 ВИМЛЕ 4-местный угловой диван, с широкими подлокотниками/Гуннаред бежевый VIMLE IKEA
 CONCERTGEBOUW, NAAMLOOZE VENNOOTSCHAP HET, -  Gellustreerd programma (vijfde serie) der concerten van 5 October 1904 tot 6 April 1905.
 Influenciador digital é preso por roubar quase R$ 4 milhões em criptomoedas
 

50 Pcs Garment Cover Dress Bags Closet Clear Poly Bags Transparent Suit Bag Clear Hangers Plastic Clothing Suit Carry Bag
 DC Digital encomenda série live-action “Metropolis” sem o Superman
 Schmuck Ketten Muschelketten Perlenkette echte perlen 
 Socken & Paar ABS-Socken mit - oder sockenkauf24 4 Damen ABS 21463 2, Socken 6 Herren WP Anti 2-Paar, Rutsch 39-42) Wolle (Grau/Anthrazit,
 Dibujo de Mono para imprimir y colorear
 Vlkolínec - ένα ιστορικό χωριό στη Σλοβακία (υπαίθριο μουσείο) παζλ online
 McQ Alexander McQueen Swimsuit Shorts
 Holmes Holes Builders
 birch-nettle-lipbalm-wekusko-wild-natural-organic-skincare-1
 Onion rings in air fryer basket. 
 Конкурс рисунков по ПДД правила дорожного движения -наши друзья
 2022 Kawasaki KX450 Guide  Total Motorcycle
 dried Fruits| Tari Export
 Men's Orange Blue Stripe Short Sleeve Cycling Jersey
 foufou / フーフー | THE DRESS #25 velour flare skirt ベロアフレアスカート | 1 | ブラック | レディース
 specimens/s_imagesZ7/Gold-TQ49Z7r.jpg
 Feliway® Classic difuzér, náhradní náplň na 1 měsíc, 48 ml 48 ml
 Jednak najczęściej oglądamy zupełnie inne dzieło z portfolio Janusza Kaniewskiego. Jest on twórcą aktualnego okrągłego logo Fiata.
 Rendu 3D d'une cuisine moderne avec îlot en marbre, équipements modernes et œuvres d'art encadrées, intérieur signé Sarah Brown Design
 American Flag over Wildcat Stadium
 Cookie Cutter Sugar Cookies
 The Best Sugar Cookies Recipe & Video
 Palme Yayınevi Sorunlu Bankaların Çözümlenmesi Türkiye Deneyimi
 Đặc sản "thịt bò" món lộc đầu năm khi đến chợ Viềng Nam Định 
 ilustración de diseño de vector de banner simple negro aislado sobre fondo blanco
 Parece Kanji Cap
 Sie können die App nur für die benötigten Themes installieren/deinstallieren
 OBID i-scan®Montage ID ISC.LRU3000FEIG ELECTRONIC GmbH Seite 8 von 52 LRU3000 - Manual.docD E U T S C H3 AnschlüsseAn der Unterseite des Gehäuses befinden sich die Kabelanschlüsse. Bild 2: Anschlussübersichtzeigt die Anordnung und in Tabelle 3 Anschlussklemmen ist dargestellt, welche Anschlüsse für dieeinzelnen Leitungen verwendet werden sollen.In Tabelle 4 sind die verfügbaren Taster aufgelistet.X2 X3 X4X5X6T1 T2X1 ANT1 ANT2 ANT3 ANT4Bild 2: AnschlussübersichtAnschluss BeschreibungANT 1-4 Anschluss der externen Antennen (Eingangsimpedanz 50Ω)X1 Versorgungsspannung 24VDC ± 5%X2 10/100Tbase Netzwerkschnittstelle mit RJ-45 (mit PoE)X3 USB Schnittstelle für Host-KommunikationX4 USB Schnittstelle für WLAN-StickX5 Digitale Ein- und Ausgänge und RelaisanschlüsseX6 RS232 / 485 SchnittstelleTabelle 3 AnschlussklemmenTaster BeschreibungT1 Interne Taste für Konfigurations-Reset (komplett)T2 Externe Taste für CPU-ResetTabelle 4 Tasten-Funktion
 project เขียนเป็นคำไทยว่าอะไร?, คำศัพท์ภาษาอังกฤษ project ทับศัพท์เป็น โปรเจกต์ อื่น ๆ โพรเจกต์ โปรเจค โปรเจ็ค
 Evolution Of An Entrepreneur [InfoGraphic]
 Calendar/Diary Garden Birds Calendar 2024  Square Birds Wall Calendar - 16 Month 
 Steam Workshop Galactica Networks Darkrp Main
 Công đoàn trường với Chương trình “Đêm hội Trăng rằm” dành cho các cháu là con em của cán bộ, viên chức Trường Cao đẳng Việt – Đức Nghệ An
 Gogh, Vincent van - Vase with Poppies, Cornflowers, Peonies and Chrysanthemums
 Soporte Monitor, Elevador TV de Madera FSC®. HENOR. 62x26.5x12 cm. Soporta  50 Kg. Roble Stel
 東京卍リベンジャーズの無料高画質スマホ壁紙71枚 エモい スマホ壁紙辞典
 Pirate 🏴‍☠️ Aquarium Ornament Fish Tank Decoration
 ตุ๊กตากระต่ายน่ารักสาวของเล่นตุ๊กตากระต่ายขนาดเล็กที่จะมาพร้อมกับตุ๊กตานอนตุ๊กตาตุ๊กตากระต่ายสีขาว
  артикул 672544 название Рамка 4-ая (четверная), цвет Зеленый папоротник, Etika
★ ★ ★ ★
▶ [WHAT NEEDS TO BE DONE]:
Only the lines holding the string "Cookies" are needed; copy each of them from the material above.

▶ [ANSWER SECTION]:
 Cookie Cutter Sugar Cookies
 The Best Sugar Cookies Recipe & Video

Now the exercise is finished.